# [Rant] Store-bought soap gifts!



## toxikon (Dec 30, 2016)

This is just a light-hearted rant, I figure you folks are the perfect group to commiserate with. 

I've been making CP soap for my family for the past 5 years. Everyone seems to look forward to it and I always put in effort to make the soaps beautiful and well-wrapped and placed into a goodie bag of other homemade items that I make.

This year my mother's partner decided to splurge on fancy Italian soaps for everyone. When they unwrapped the soaps everyone ooh'd and ahh'd and bickered over who would get which scent... while completely ignoring my little handmade soaps.

I couldn't help but feel a bit miffed by the whole situation, especially since everyone in the room (including my mom and her partner) knew I do the soap-thing for Christmas!

Anyway, just a very minor annoyance. Has anyone else experienced something similar with their family?


----------



## lenarenee (Dec 30, 2016)

I haven't - at least to the extent you have. But I do empathize with you because when I oogle fancy speciality soaps I admire the scent quality, the perfect shapes, the clever packaging and etc.  Makes me feel mighty humble, but not in a positive way.

Its hard to do - but try to remember the proof is in the pudding; the quality of your soap, the fact that you honed the formula as you went through all the trial and error it takes to find the right recipe.  And the results....the way your skin feels.

You did the work. You didn't pay experts to formulate the cheapest easiest way to mass produce a product that would make you money. You didn't cheap out on the ingredients (budgeting wisely is not cheaping out!). 

And as I spent an roughly 10 hours shrink wrapping, labeling, and sorting fragrances into gift bags (I spend way too much time trying to predict who will like which fragrance), I know the kind of work it took to make your gifts.

And.....drum roll.....there's a lot more love and thought in your gift, than someone who just pulled out a credit card for the commercial stuff.

We get it.


----------



## IrishLass (Dec 30, 2016)

Thankfully, I haven't experienced any incidences like that with my family and my soap. I honestly can't think of a single one of them who's a long-term a recipient of my soap that would ever do something like that to me......at least not in my presence in front of my whole family anyway.....
............at least not that I know of 

.....

I totally get it, though, because I've had something similar happen to me, but with something other than soap. 

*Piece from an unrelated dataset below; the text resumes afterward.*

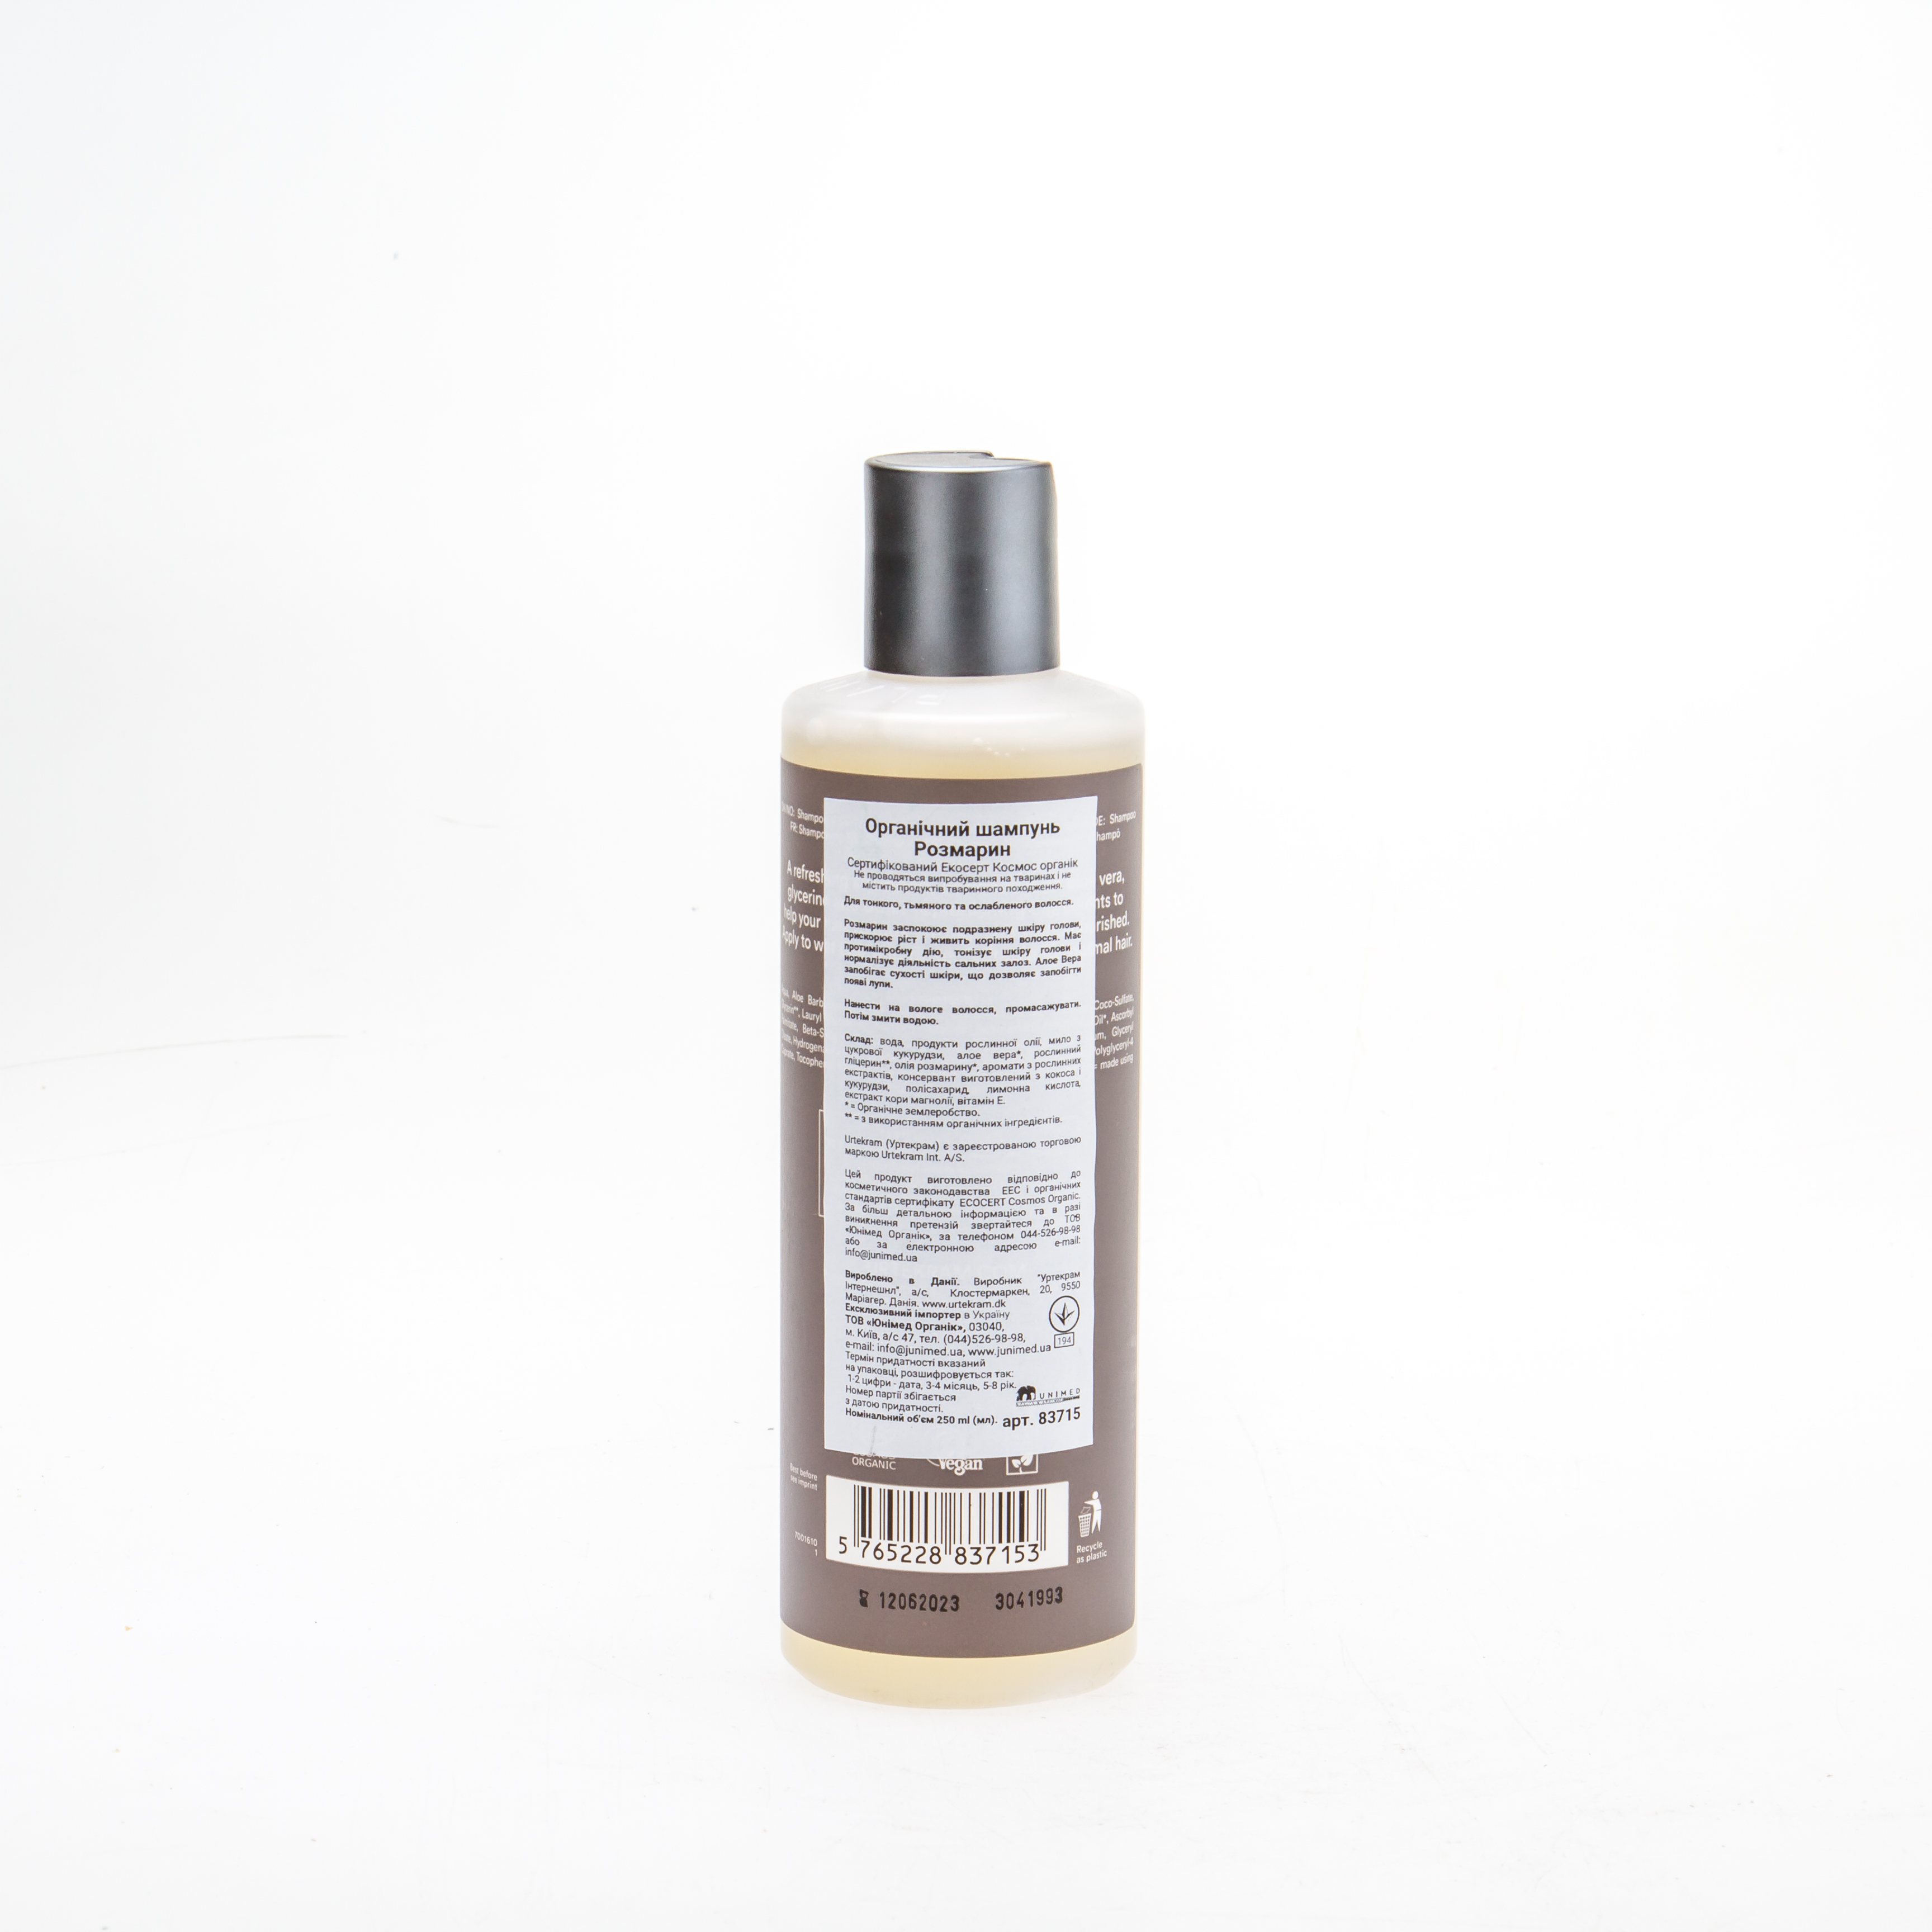 Urtekram Органічний шампунь для тонкого волосся, Розмарин, 250 мл - купити в інтернет-магазині Юнимед

If it was done intentionally, I know I would feel quite hurt and would no longer gift any more of my soap to the particular family member in question. Not out of spite, but rather due to the amount of work and time spent on making, curing and wrapping/labeling/packaging it. It's just not worth all that time and effort I expend to gift it to someone who doesn't appreciate it.


IrishLass


----------



## shunt2011 (Dec 30, 2016)

That's a bummer for sure. Thankfully I've not experienced that either. My family looks forward to their yearly soapy gifts. They also purchase from me throughout the year. 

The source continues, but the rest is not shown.